USA – Mondelez International’s full year net revenue increased 0.2% to US$3.31 billion helped by emerging markets which grew at 6.5% in the fourth quarter and around 6% for the full year.  

Results reflected the impacts of unfavorable currency and divestment including its Kraft-branded cheese business in Middle East and Africa (MEA), which the company said incurred divestiture-related costs of US$3 million in the third quarter.

The company agreed to sell the Kraft-branded cheese business to Arla Foods, with the transaction expected to close in 2019.

Gross profit for the 12-months period grew 3% while diluted EPS was $2.28, up 23% driven primarily by an after-tax gain on the Keurig Dr Pepper transaction.

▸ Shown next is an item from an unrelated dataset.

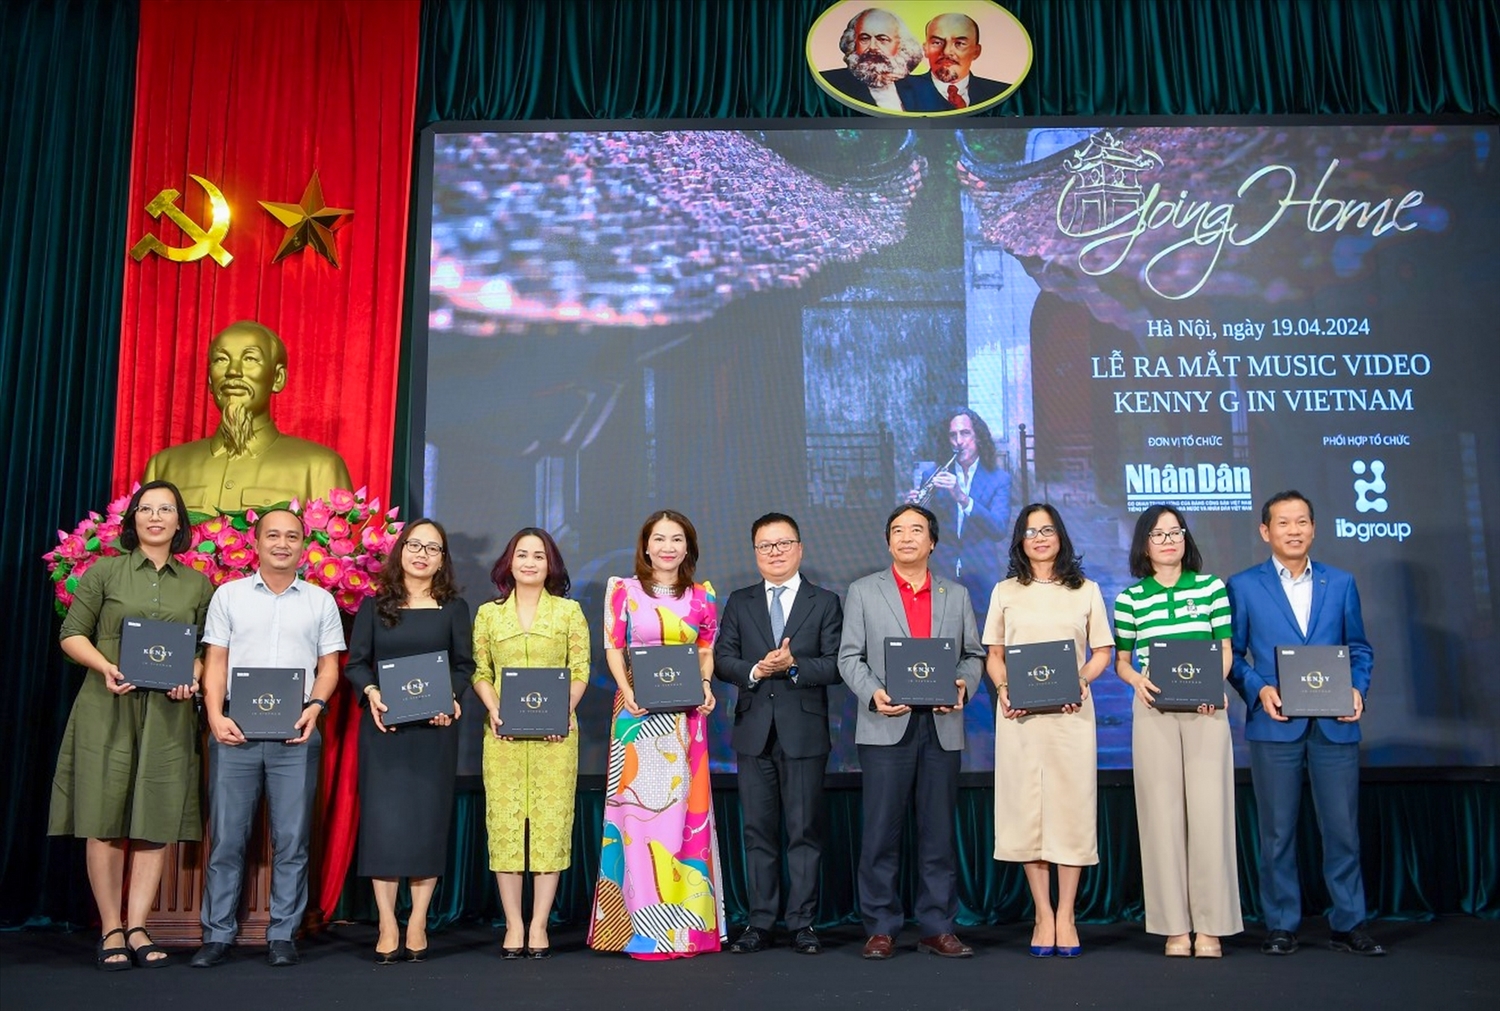 Ban tổ chức trao tặng MV “Going Home” cho đại diện các tập đoàn du lịch - khách sạn, hãng hàng không, các đài truyền hình… nhằm lan tỏa sản phẩm âm nhạc đặc biệt này, góp phần quảng bá văn hóa, du lịch Việt Nam đến du khách trong nước và quốc tế.

Fourth quarter revenue declined 8%, partly driven by the impact of currency and disappointing performance in Latin America where revenue declined 15.2%.

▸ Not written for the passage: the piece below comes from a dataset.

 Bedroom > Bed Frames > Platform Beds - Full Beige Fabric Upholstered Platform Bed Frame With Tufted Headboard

North American sales increased 1.6%, attributed to efforts by the company to achieve profitable business growth in the face of changing consumer and market trends.

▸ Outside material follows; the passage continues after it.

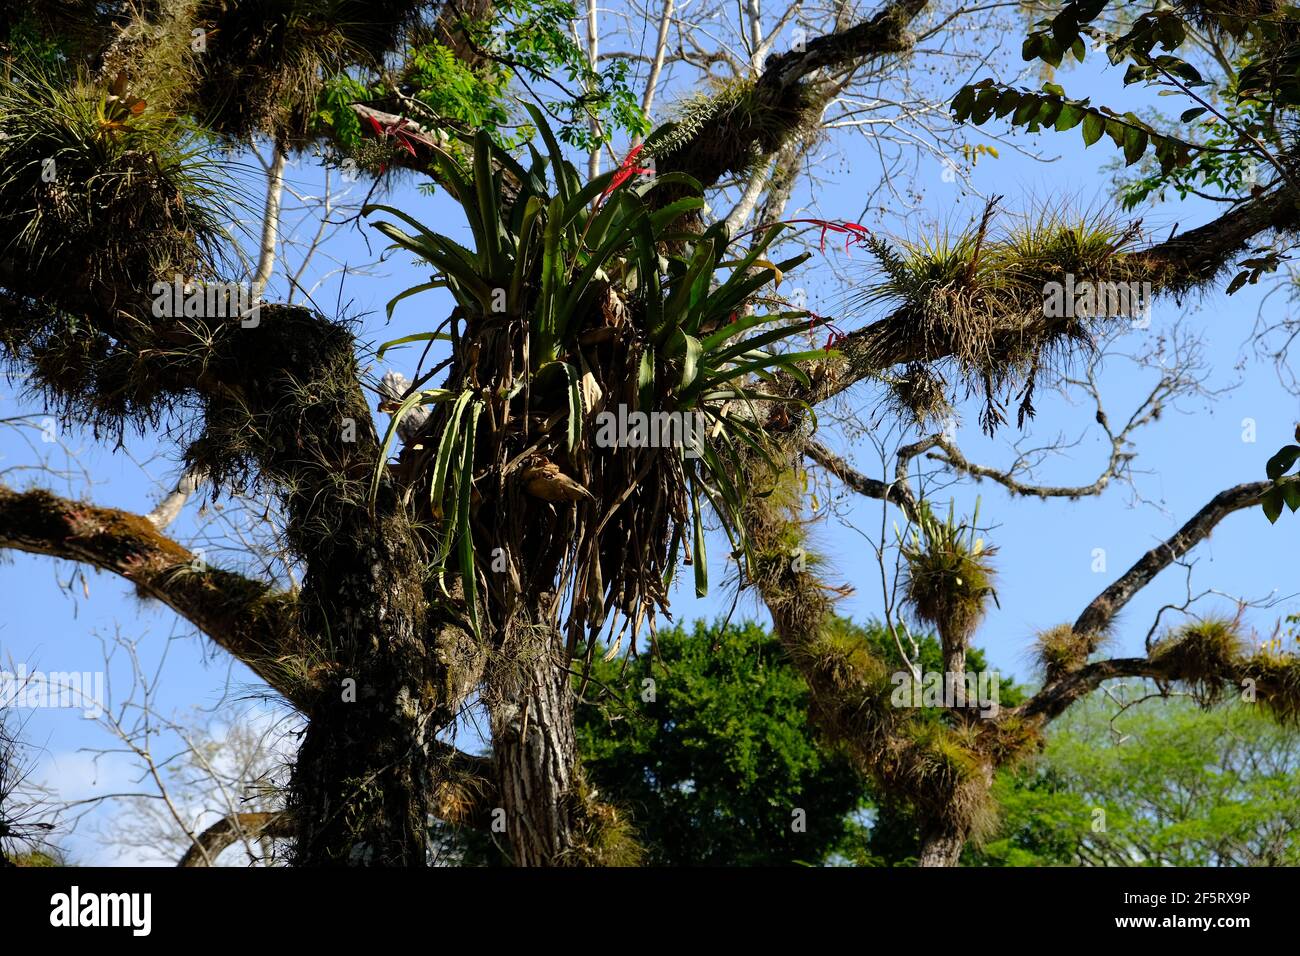 Honduras Copan  Ruinas - Arboreal orchids in Ruins of Copan Stock Photo

“Our fourth quarter and full-year 2018 results demonstrate the power of our brands, the strength of our global footprint and the potential of our strategic plan,” said Dirk Van de Put, Chairman and CEO.

“We delivered on our key financial and strategic commitments for the year, including solid top-line and bottom-line growth and strong cash flow generation.

In 2019, we will continue to progress against our new strategy, which includes new investments to drive organic revenue growth and operational excellence across the organization.”

Operating income decreased US$150 million and margin decreased 60 basis points to 12.8%, driven primarily by the impact from pension participation changes in North America.

The company said, these were offset by favourable change in mark-to-market gains from currency and commodity hedging activities, lower restructuring program costs and the lapping of prior-year malware-related expenses.

During the year, Mondelez expanded its research and development capabilities with a new facility in India and a US$5 million expansion of its technical site in Poland.

In April 2018, the company completed the sale of several manufacturing facilities in France and the sale or license of several local confectionery brands.

In the current year, Mondelez said it expects organic net revenue growth to be between 2 and 3%, while Adjusted EPS growth of 3-5% on a constant-currency basis.